Züünkharaa (Зүүнхараа) is a city, the center of the Mandal sum (district) in the province of Selenge, located in northern Mongolia. This makes it part of the biggest district in the entire country. As of 2022, the population is estimated at 25,105 divided amongst 7,103 households. Züünkharaa is connected to the capital city of Ulaanbaatar and the northern city of Darkhan by the Trans-Mongolian Railway.

Züünkharaa contains 6 kindergartens, 1 elementary school, and 6 high schools.

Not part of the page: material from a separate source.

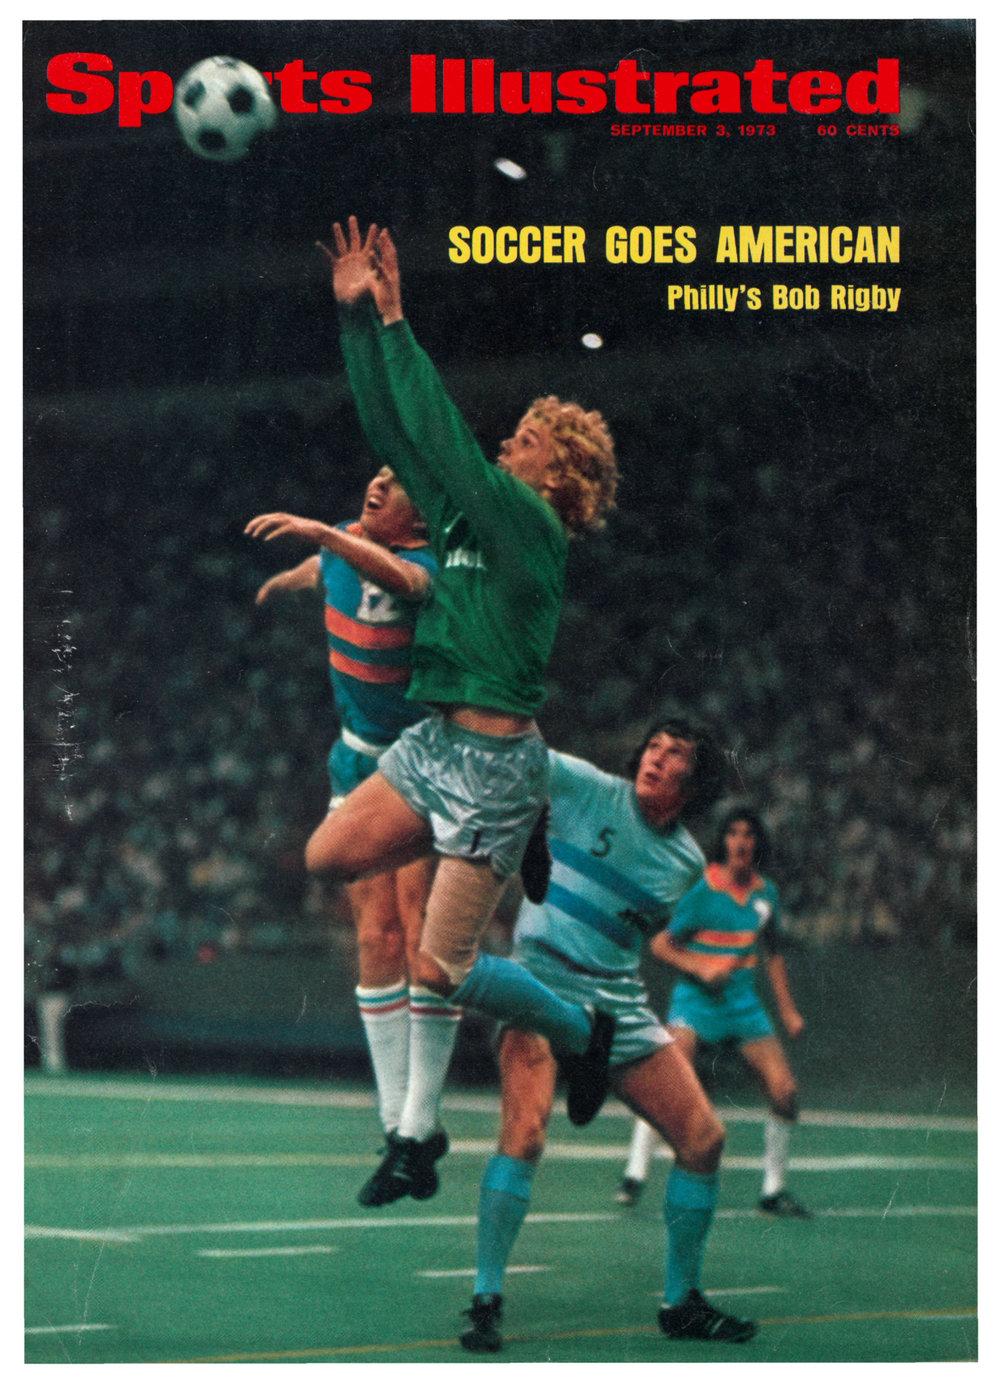 Sports_Illustrated_43210_19730903-001-2048.jpg

Since 1943, Züünkharaa has been home to the Spirit Bal Buram factory, a vodka factory with a production capacity of 15 tonnes of vodka (approximately 140 barrels) every 24 hours.

== History ==
In 1994, residents of Tünkhel and Züünkharaa voted in a plebiscite to unify their two districts. This vote was brought before the 36th State Great Khural, which combined the two areas making Züünkharaa the center of the Mandal district, and making Mandal the largest district in Mongolia.

== Location ==
Züünkharaa is located at the southern tip of Selenge, making it situated just north of the bordering province Töv. It is just northwest of the Khentii Mountains, with the range itself being just visible from the outskirts of the city. The Kharaa river runs through the southern half of city, and separates its center from Kherkh khoroolol. It's located 174 km away from Ulaanbaatar, and 201 km away from the provincial capital of [[Sükhbaatar (city)
|Sükhbaatar]], making it closer to the national capital than its provincial one.